Thursday, September 28, 2006

Crisis, What Crisis?

Spain is not going to sink just because 25000 immigrants arrive in the Canary Islands. This was the dismissive message of a German politician last week at a European Union meeting in Finland where the Spanish government was requesting assistance to deal with the arrival of African immigrants in the Canaries. Behind the comment was an attitude that Spanish governments will probably have to get used to; Spain is no longer in a position to demand help from the EU, it is now one of the wealthier nations in the union following the expansion to 25 members.
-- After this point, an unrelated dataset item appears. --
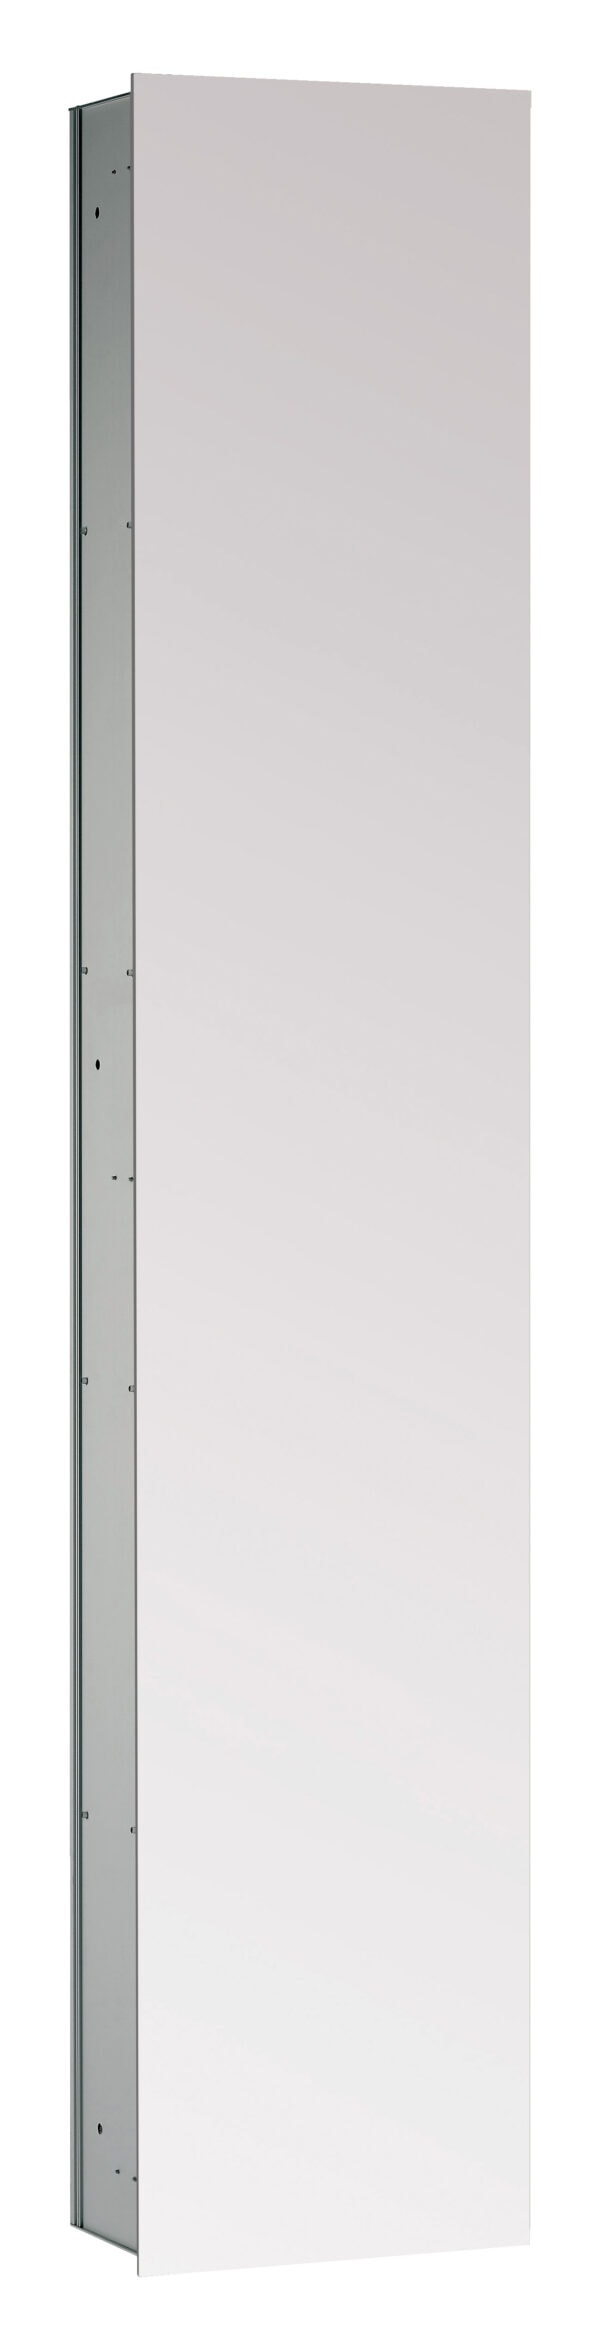 emco asis 2.0 Cabinet module with mirrored-door - built-in model

The remark was intended as a means of suggesting that there was no real reason for Spain to get help, but it accidentally put the problem into perspective too. The coverage in Spain of these boats arriving in Tenerife is leading people to talk as if the country is facing some kind of major crisis as a result. It is a curious side-effect of the government’s policy of closing down other migration routes that have been used to cross over to the mainland, because it has concentrated the arrivals in a single area whereas previously there were many different arrival points. So even though there has been no significant increase in African immigration, the impression given is that is has risen very sharply. Indeed, compared to the overall increase in immigration to Spain in the last 10 years, the arrival of 25000 more in the Canary Islands is literally a drop in the ocean when compared to the number of people who will arrive by more conventional means. If there is any real crisis here, it is in the incapacity of the Canarian authorities to cope with so many arrivals in the same place, and in the number of immigrants who do not survive the difficult, dangerous journey.
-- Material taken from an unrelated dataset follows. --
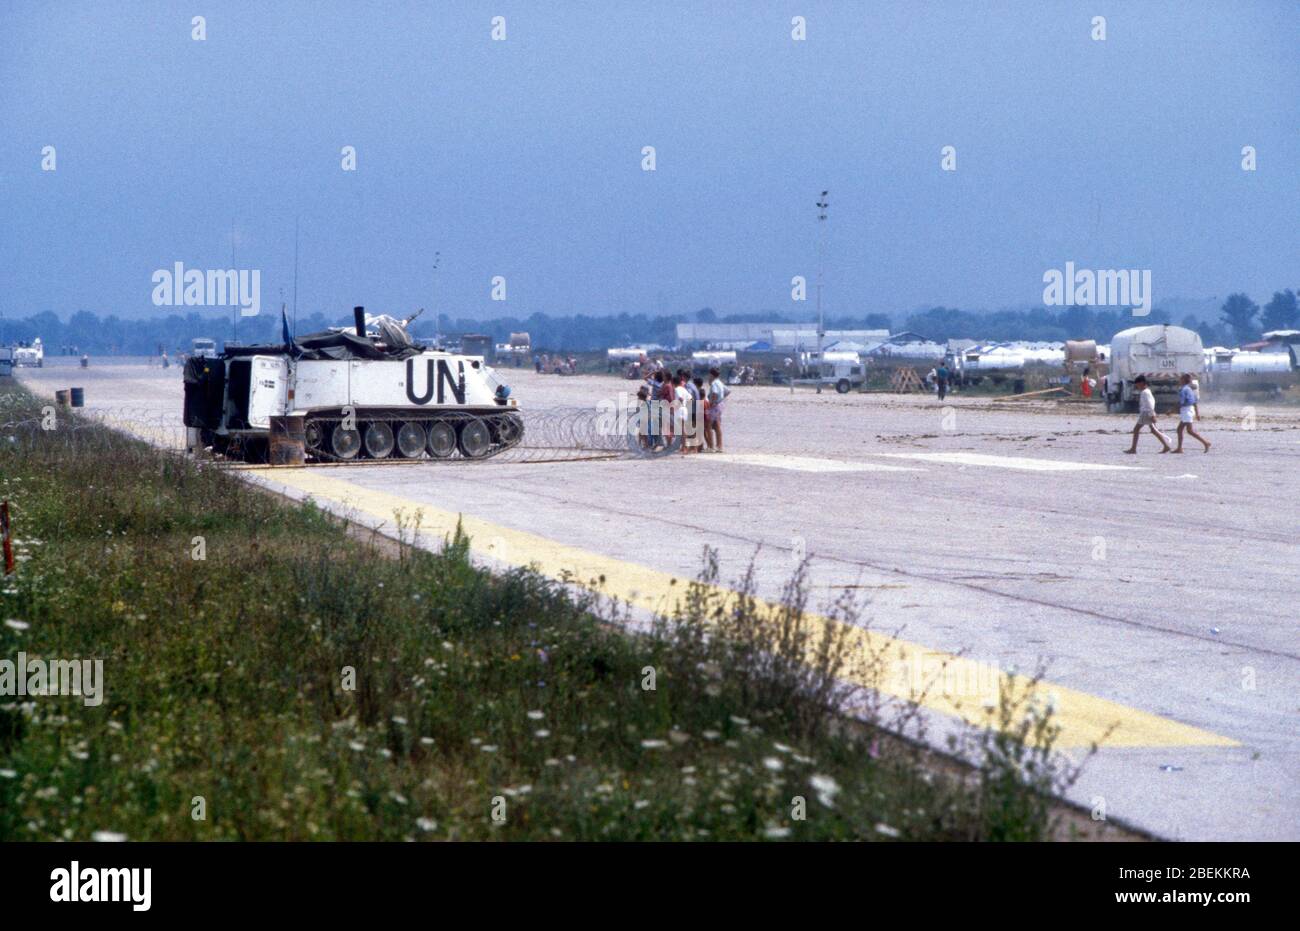 1995 Tuzla, Bosnien - UN-Panzer zum Schutz des Flugplatzes Tuzla für bosnische Muslime, die vor dem Massaker von Srebrenica während des Bosnienkrieges fliehen Stockfoto

The plea to the European Union was part of an attempt by the government to look busy on this issue, and intense pressure has been placed on Senegal and other West African nations to accept repatriation of some of these migrants. The government is aware that the issue of illegal immigration can damage them, especially with the Partido Popular intent on pretending that it is somehow just a phenomenon of the last two years. In the process the sense of crisis is accentuated rather than reduced, as nobody seems willing to emphasise the message that the German representative put across so simply a few days ago.